Task directions – The entries follow. Copy every line in which "around" appears.

(Records excerpted from a collection)

=-=-=-=-=

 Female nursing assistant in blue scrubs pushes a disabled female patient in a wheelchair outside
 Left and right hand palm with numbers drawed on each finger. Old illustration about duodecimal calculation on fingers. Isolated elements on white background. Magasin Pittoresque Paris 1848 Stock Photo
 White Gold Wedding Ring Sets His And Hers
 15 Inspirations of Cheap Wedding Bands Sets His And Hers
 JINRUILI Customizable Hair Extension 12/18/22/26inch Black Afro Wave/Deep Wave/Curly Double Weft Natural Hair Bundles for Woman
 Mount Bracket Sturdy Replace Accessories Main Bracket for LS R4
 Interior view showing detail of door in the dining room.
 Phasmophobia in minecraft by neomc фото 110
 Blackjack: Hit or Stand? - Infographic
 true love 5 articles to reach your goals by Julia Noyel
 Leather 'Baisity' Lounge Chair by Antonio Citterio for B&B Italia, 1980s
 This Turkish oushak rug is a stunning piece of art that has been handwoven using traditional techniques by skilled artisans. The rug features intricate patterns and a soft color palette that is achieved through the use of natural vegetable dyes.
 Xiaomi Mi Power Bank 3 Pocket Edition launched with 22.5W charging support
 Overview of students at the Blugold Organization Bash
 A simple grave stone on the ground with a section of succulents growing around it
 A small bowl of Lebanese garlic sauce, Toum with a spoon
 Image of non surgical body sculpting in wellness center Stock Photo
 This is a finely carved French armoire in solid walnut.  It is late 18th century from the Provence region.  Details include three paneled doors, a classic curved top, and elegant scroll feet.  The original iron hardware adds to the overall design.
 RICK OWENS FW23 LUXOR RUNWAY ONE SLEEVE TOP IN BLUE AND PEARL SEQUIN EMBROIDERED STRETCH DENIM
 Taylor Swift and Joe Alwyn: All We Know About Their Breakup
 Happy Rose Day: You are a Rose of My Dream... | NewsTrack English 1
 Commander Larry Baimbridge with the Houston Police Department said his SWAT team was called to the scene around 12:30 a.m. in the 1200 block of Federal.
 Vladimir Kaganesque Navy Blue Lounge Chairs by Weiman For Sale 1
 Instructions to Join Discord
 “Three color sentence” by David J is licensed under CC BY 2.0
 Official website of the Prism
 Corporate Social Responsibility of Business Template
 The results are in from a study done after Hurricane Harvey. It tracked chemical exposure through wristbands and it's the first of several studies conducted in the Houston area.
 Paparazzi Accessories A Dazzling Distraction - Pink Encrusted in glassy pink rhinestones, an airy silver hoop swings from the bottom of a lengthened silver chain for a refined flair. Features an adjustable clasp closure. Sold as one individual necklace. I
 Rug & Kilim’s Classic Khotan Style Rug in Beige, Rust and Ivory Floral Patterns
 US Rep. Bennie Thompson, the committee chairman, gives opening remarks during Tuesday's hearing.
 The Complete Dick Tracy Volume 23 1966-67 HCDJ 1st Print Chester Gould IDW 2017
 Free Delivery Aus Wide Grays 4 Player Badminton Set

=-=-=-=-=

Solution to this exercise –
 A simple grave stone on the ground with a section of succulents growing around it
 Commander Larry Baimbridge with the Houston Police Department said his SWAT team was called to the scene around 12:30 a.m. in the 1200 block of Federal.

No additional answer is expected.